Он усмехнулся и бросил бумажонку на стол. И, бросив, увидал одно слово, смысл которого
только теперь дошел до его сознания. Это слово было «Шумахер», обычная подпись в Академии!
Ломоносов смотрел на Рихмана, пораженный.
— Да, — сказал Рихман, — вы, конечно, весьма удивлены, но это так: подписал герр
Шумахер, который освобожден.
Через минуту Ломоносов уже знал все события последних дней: был восстановлен в
Академии Шумахер, был направлен к прежней работе Нартов и постановлено наказать доносчиков
кнутом, но от государыни помилование пришло. Ломоносова же, буде не повинится он в
содеянных проступках, постановлено держать в том же состоянии, то-есть под караулом.
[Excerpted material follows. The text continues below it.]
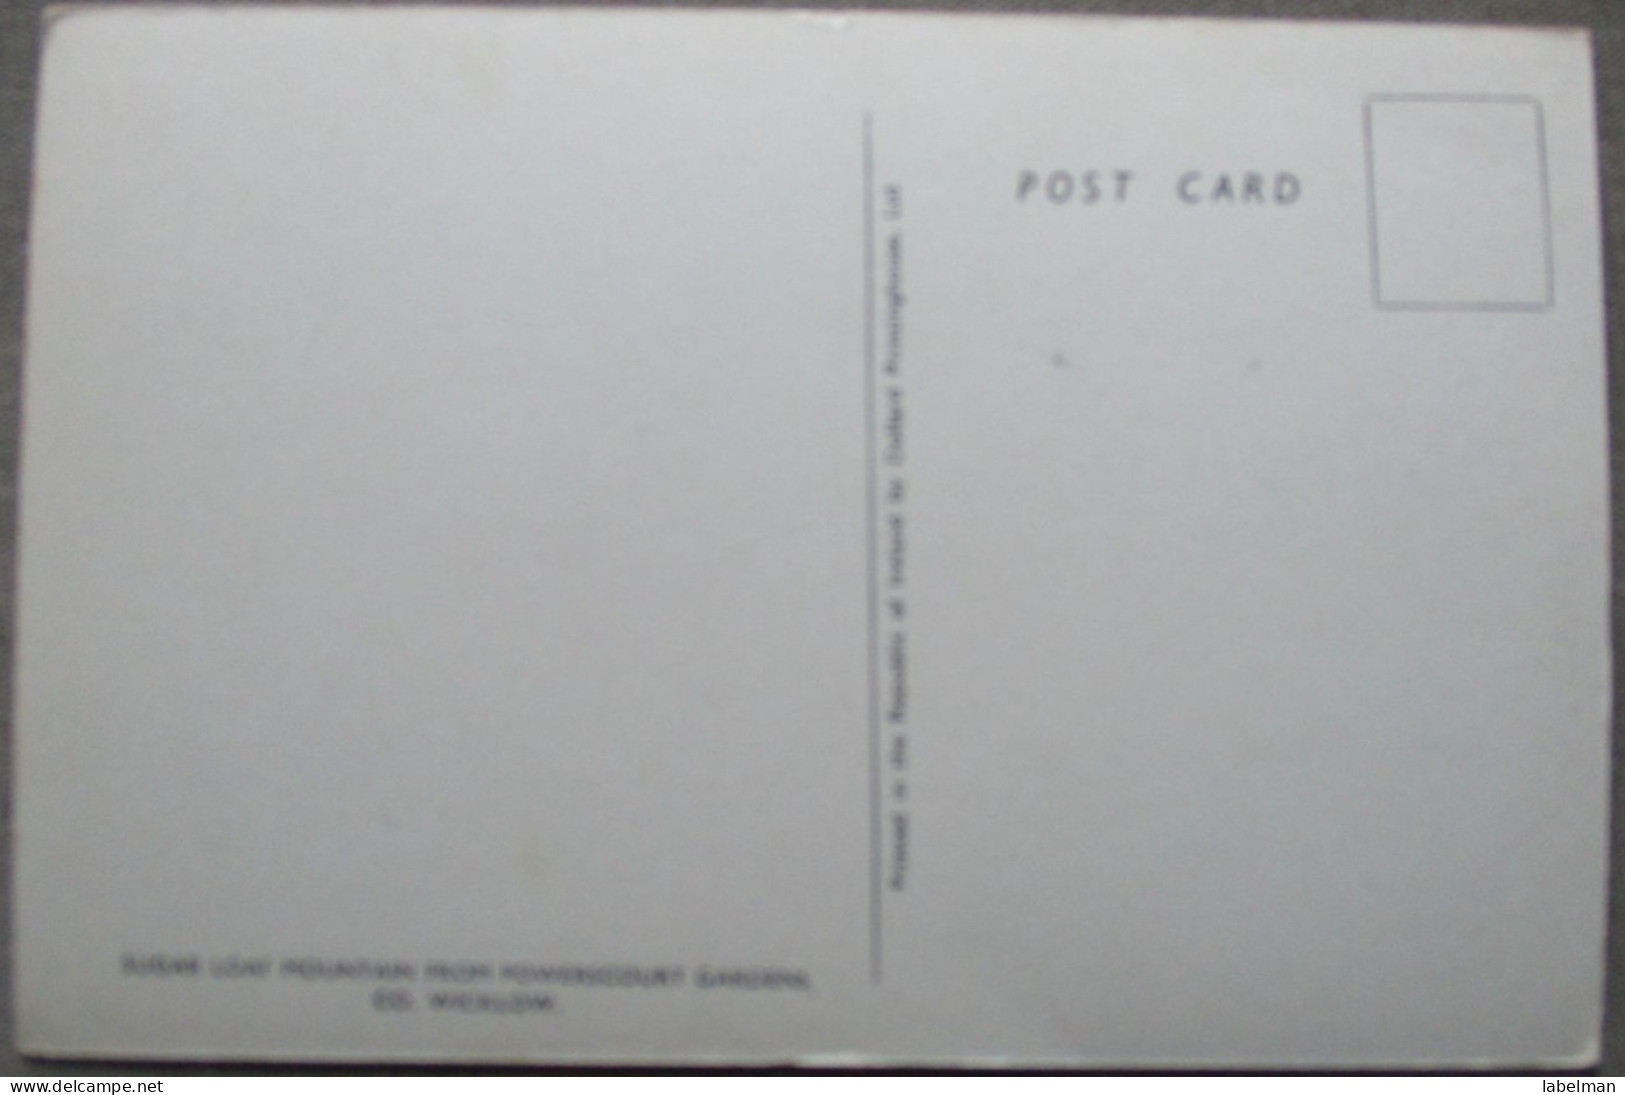 IRLAND UK UNITED KINGDOM WICKLOW SUGAR LOAF MT KARTE CARD POSTKARTE POSTCARD ANSICHTSKARTE CARTOLINA CARTE POSTALE - Collezioni E Lotti

— Повинитесь, герр Ломонософф, — настойчиво повторял Рихман, дотрагиваясь до его
руки, — ведь вели вы себя все же, сказать надлежит, не совсем по этикету, — он усмехнулся и
посмотрел на Ломоносова, который стоял перед ним, насупив брови и упорно размышляя, и вдруг
тоже улыбнулся.
— Да уж куда там по этикету! Господам профессорам весьма от меня жарко стало.
— Тем более повинитесь, — повторил Рихман. — Мне поручено передать, что вам
надлежит совершить сие на конференции, написав и закрепив извинения свои по всей форме, как
установлено господами профессорами.
Рихман с точностью передал ему все, что они желали от него слышать, и, помолчав,
закончил:
— И к тому вам добавить должен, что вышел о вашем деле указ. Сей указ принес я вам для
прочтения.
Ломоносов взял протянутую ему Рихманом бумагу и прочитал: «Адъюнкта Ломоносова для
довольного его обучения от наказания освободить, а в объявленных учиненных им продерзостях у
профессоров просить ему прощения, а что он такие непристойные проступки учинил в Комиссии и
в Конференции, яко в судебных местах, за то давать ему, Ломоносову, жалованье — в год по
нынешнему его окладу половинное; ему же, Ломоносову, в канцелярии Правительствующего
сената объявить с подпискою, что ежели он впредь в таких продерзостях явится, то поступлено
будет с ним по указам неотменно».
Ломоносов прочел и стоял перед Рихманом в той позе упрямого бычка, которая была ему
привычна с детства и в которой так напоминал он отца, когда бывало заупрямится иной раз
Василий Дорофеич в споре с покрутчиками, снаряжаясь в плавание.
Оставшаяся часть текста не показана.